[Start of Attachment]

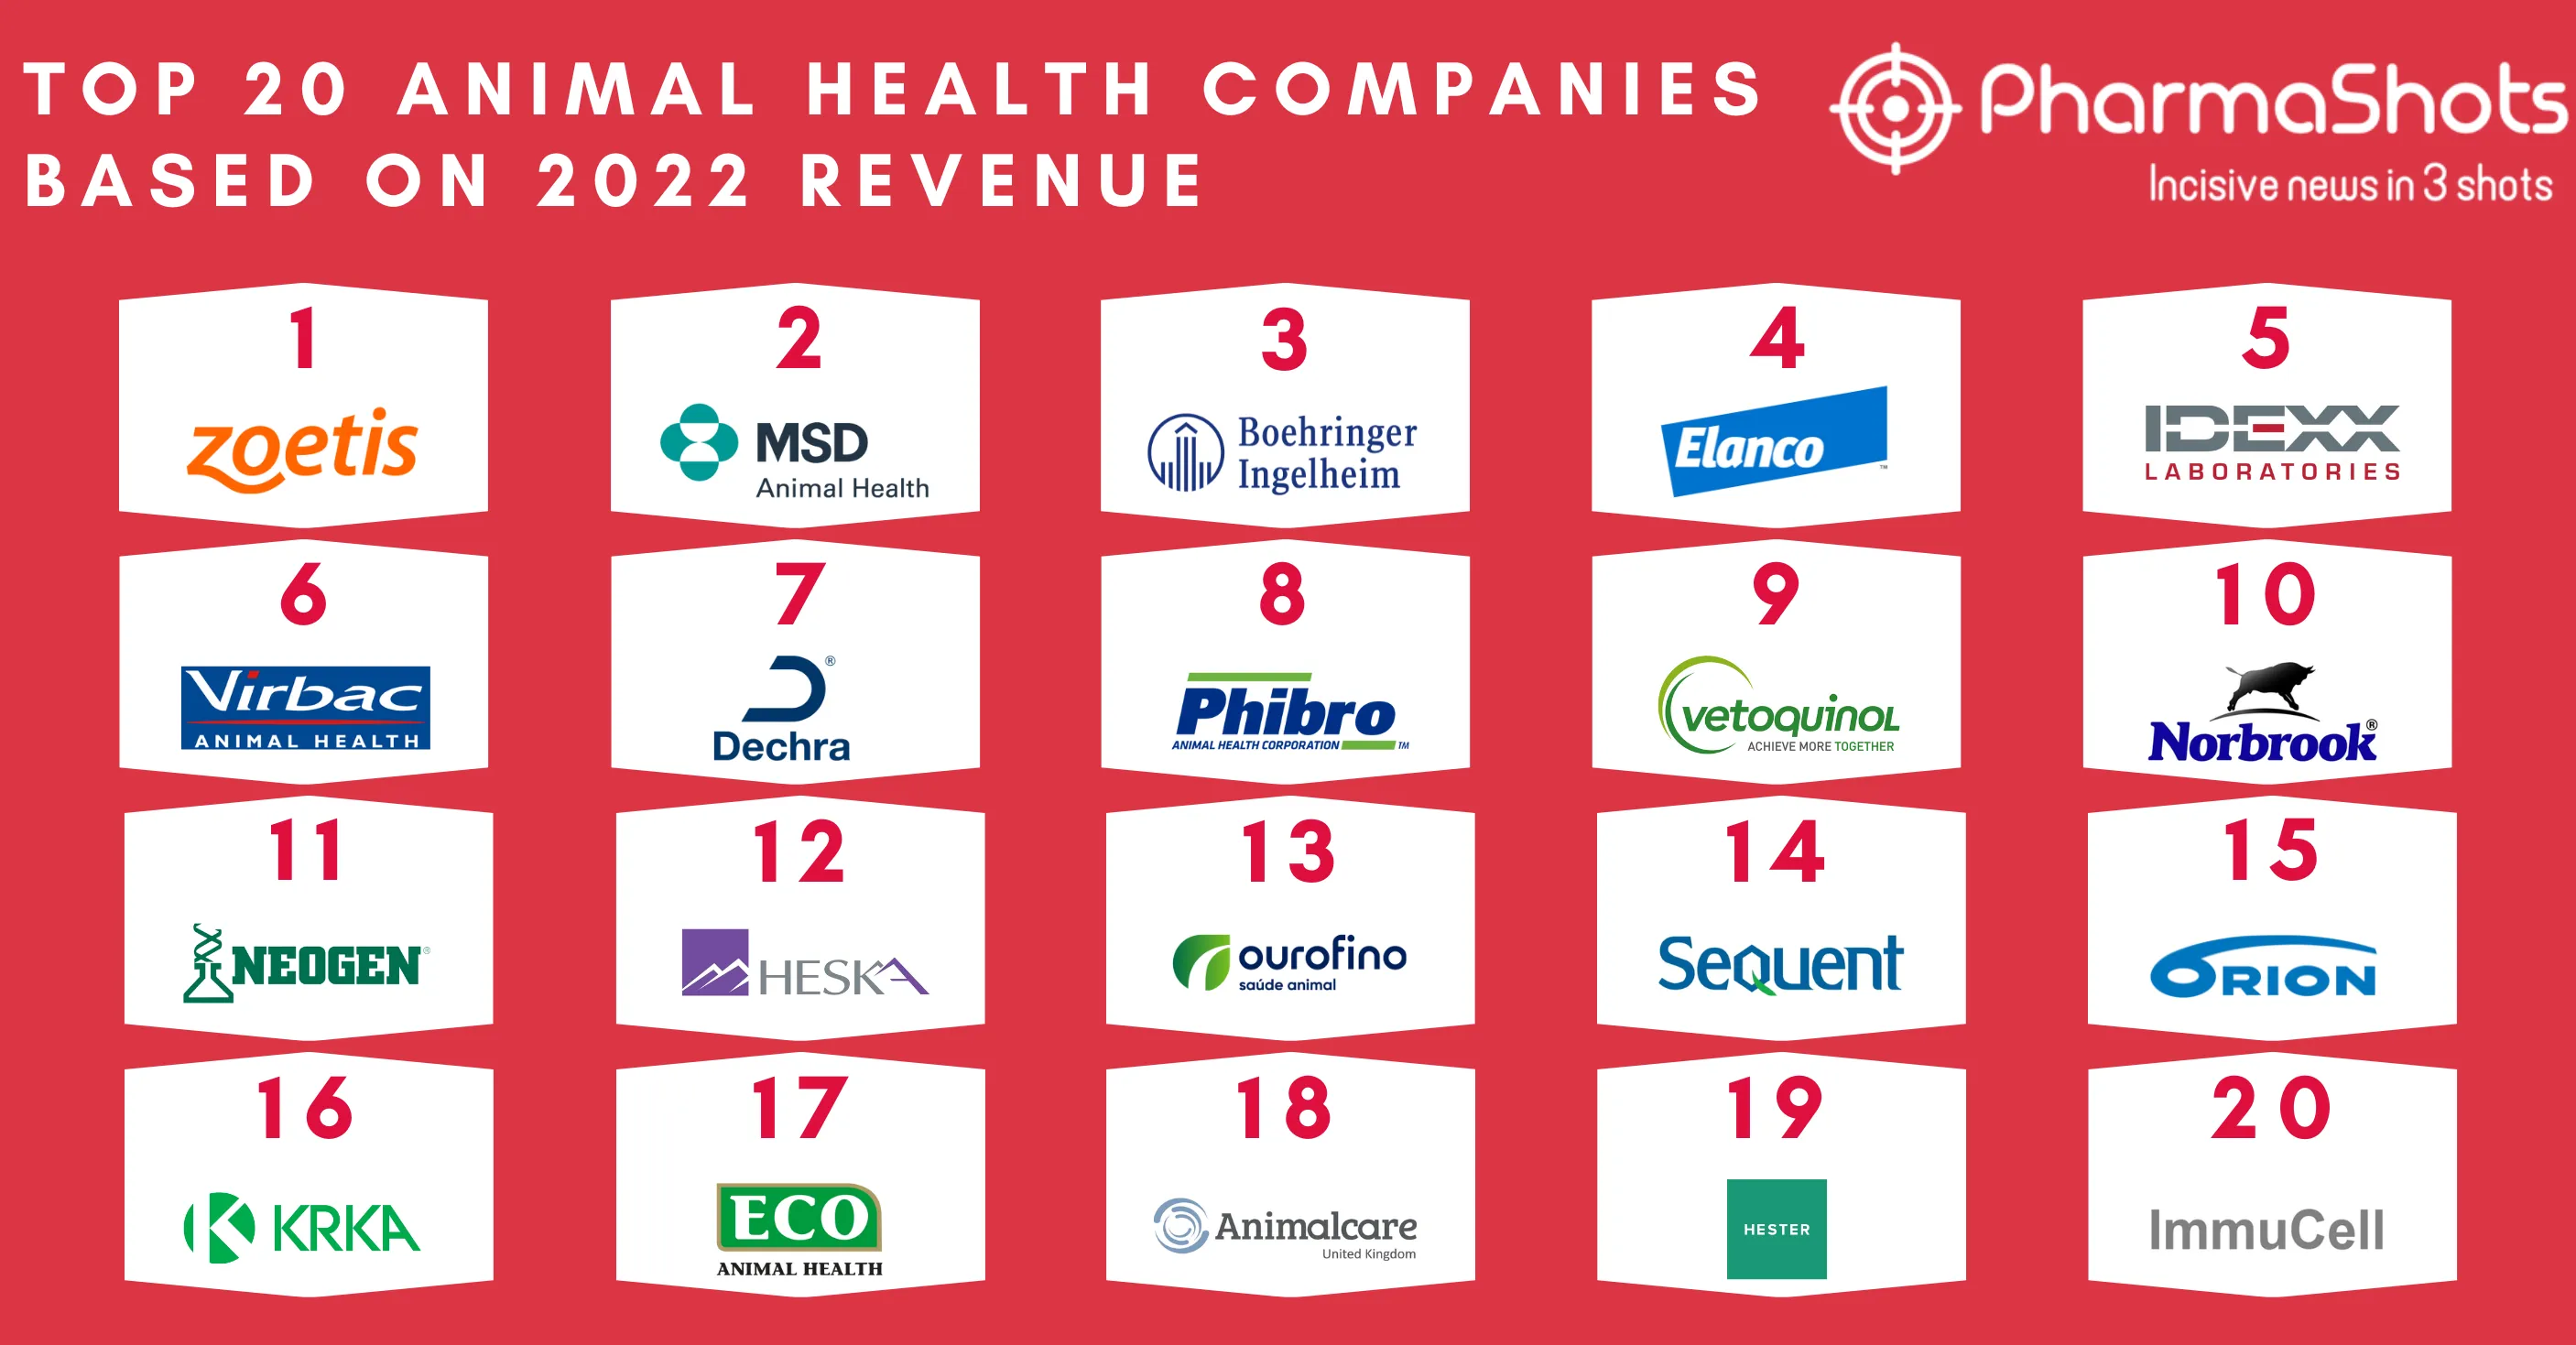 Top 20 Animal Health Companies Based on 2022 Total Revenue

[End of Attachment]
[Start of Attachment]

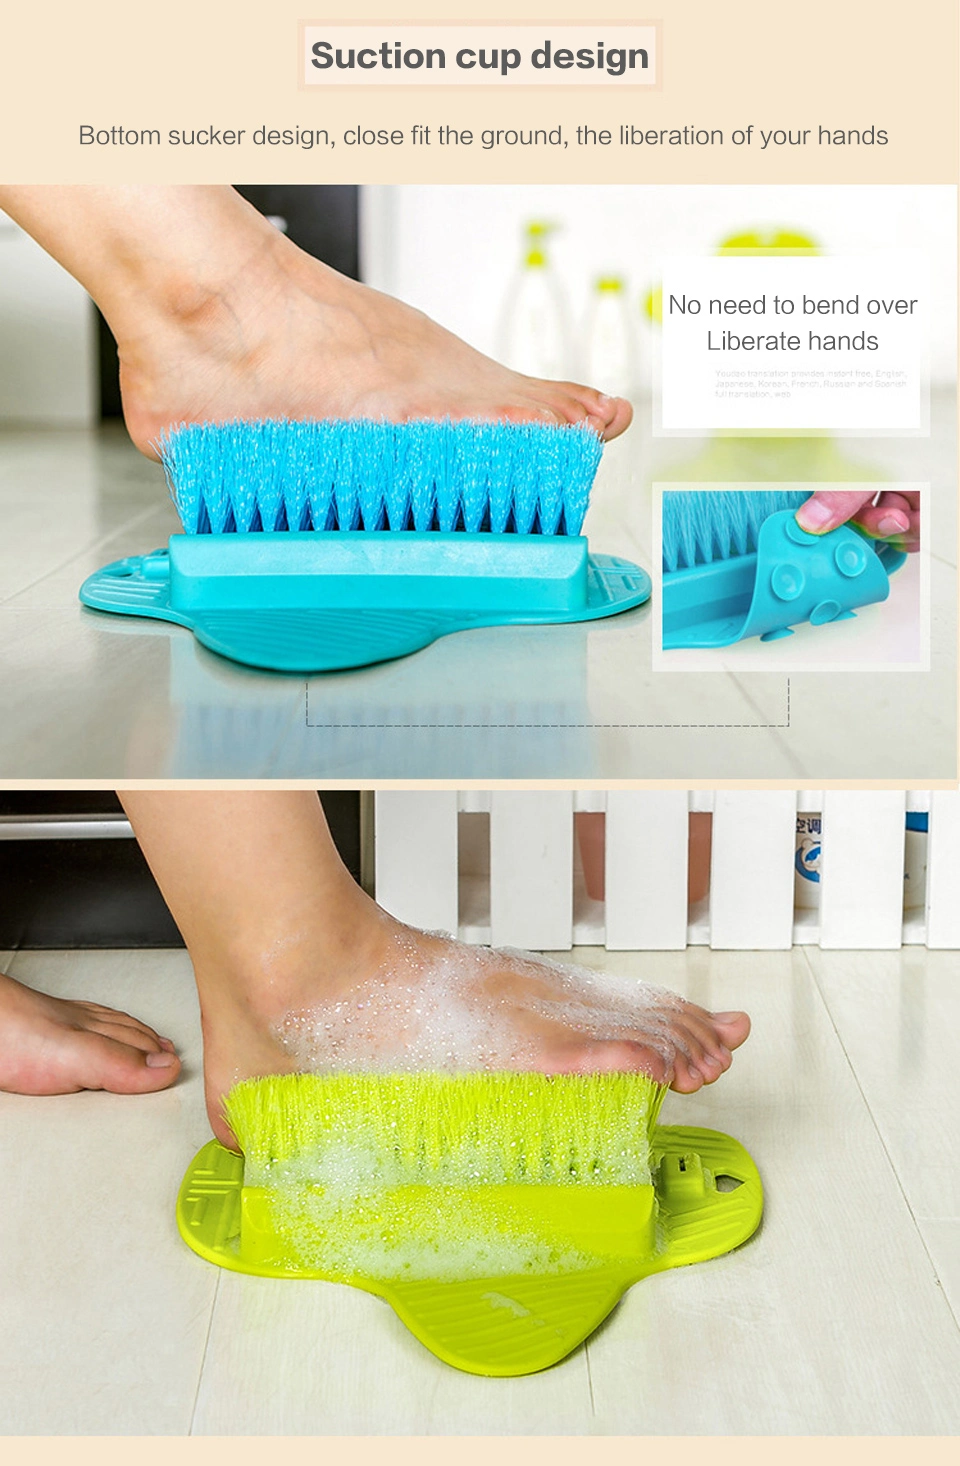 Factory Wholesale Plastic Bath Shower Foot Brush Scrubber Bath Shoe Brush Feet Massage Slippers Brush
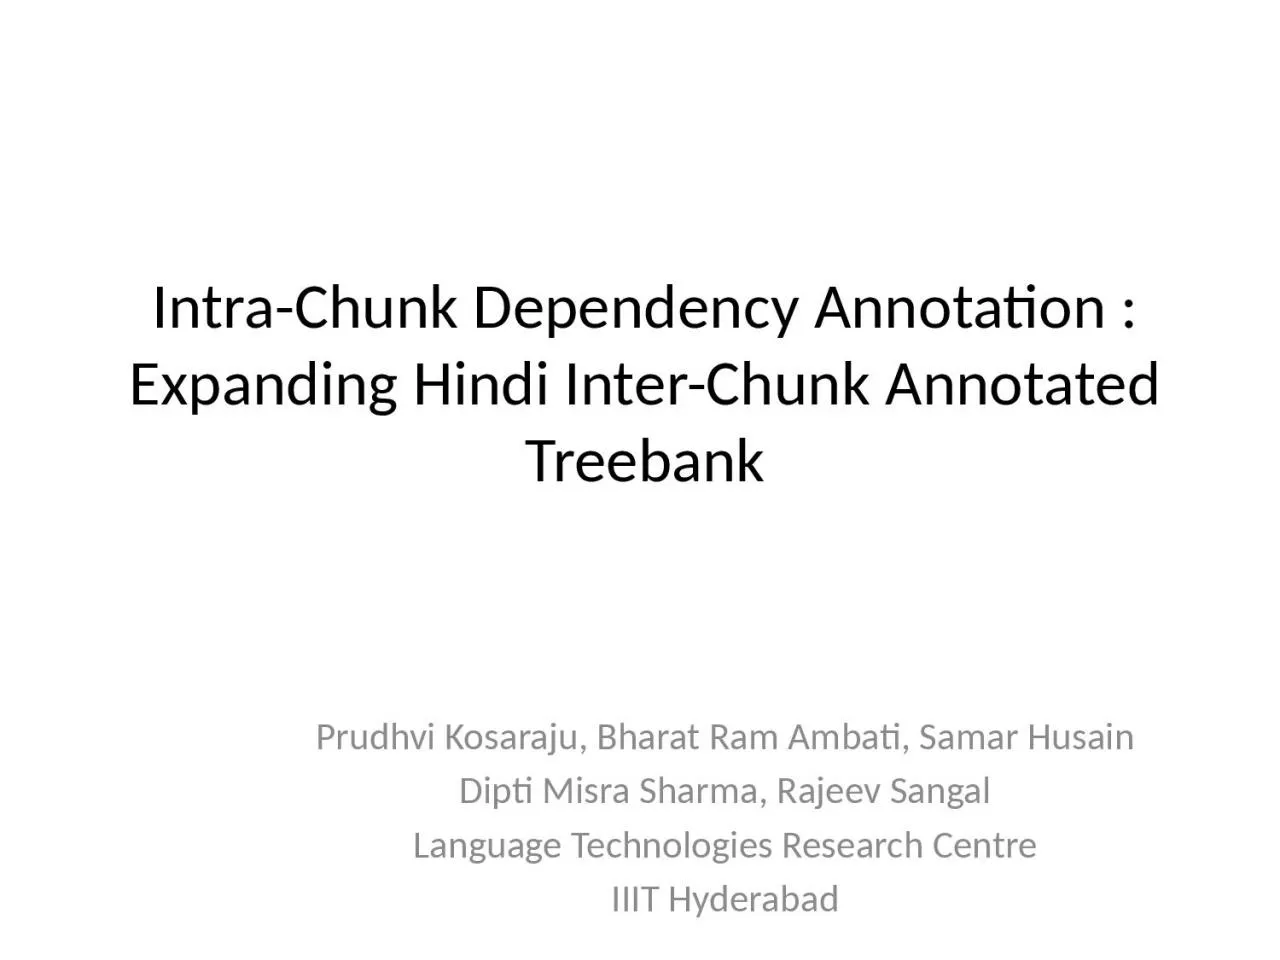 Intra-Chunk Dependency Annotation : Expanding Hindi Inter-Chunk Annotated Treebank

[End of Attachment]
[Start of Attachment]

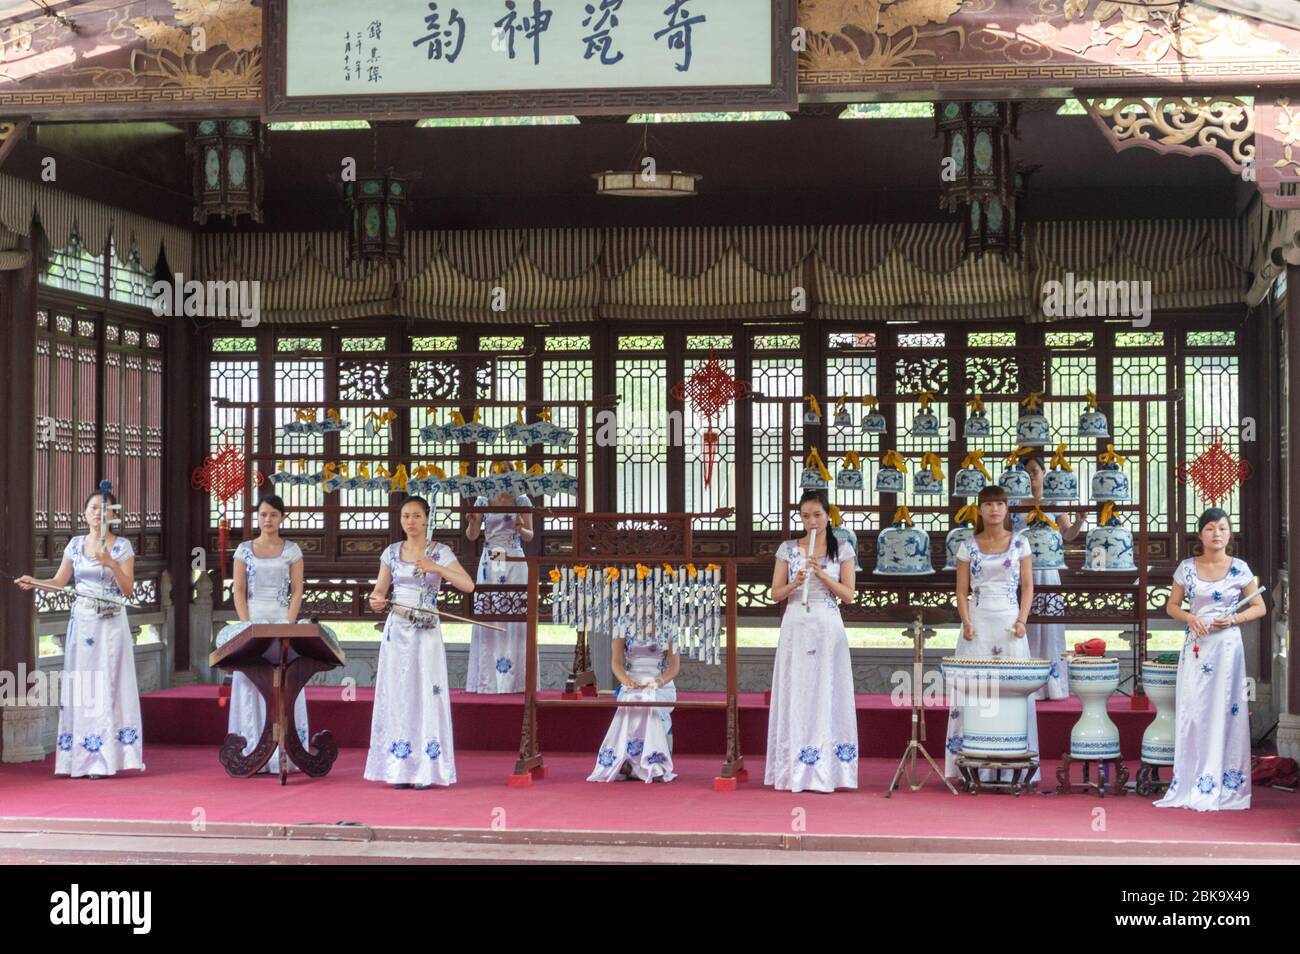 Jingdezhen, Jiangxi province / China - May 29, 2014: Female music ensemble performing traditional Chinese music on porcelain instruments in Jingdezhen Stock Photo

[End of Attachment]

DIRECTIONS
Copy out exactly the lines above beginning with the line that contains "Factory Wholesale Plastic" and finishing with the line that contains "Intra-Chunk Dependency Annotation", including both; leave the pictures out.

SOLUTION FOR THIS EXERCISE
 Factory Wholesale Plastic Bath Shower Foot Brush Scrubber Bath Shoe Brush Feet Massage Slippers Brush
 Intra-Chunk Dependency Annotation : Expanding Hindi Inter-Chunk Annotated Treebank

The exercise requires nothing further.